Source: https://biotech.law.lsu.edu/cases/FCA/Carpenter_v_US.htm
Timestamp: 2019-04-21 06:19:10+00:00

Document:
Don D. Buchwald argued the cause for petitioners. With him on the briefs were Jed S. Rakoff, Howard W. Goldstein, James Niss, E. Michael Bradley, I. Scott Bieler, and Alan R. Kaufman.
 White, J., delivered the opinion for a unanimous Court as to holding number 2, above.

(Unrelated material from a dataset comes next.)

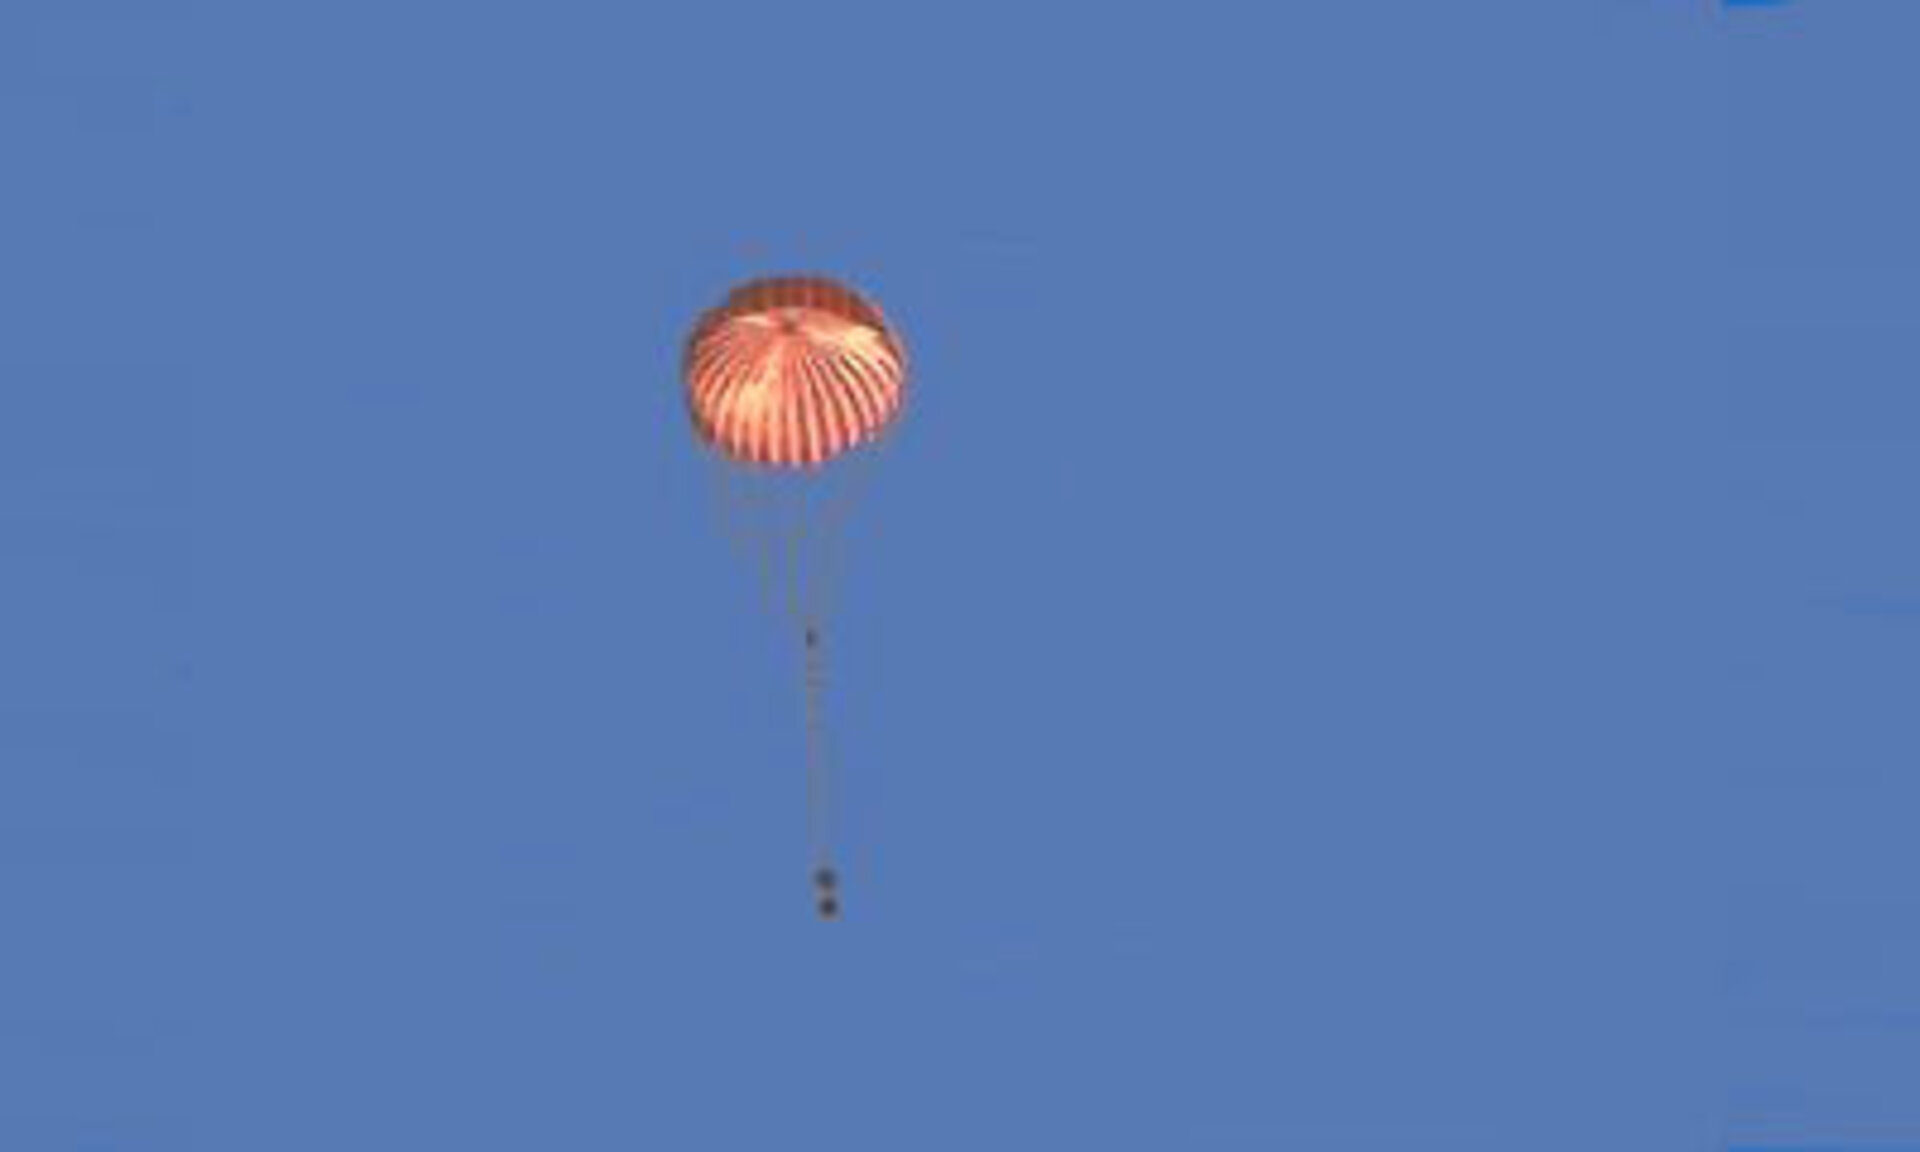 Landing of the balloon

 Petitioner Winans was co-author of a Wall Street Journal investment advice column which, because of its perceived quality and integrity, had an impact on the market prices of the stocks it discussed. Although he was familiar with the Journal's rule that the column's contents were the Journal's confidential information prior to publication, Winans entered into a scheme with petitioner Felis and another stockbroker who, in exchange for advance information from Winans as to the timing and contents of the column, bought and sold stocks based on the column's probable impact on the market and shared their profits with Winans. On the basis of this scheme, Winans and Felis were convicted of violations of the federal securities laws and of the federal mail and wire fraud statutes, 18 U. S. C. §§ 1341, 1343, which prohibit the use of the mails or of electronic transmissions to execute "any scheme or artifice to defraud, or for obtaining money or property by means of false or fraudulent pretenses, representations, or promises"; petitioner Carpenter was convicted of aiding and abetting. The Court of Appeals affirmed.
 1. Insofar as it affirmed petitioners' convictions under the securities laws, the judgment below is affirmed by an equally divided Court. P. 24.
 2. Petitioners' conspiracy to trade on the Journal's confidential information is within the reach of the mail and wire fraud statutes. Pp. 25-28.
 (a) The Journal had a "property" right in keeping confidential and making exclusive use, prior to publication, of the schedule and contents of Winans' columns, which right is protected by the statutes. The intangible nature of the Journal's right cannot affect this determination, since McNally v. United States, 483 U.S. 350, did not limit the scope of § 1341 to the protection of tangible as opposed to intangible property rights, but merely distinguished protected property rights from unprotected intangible rights to honest and impartial government. Pp. 25-27.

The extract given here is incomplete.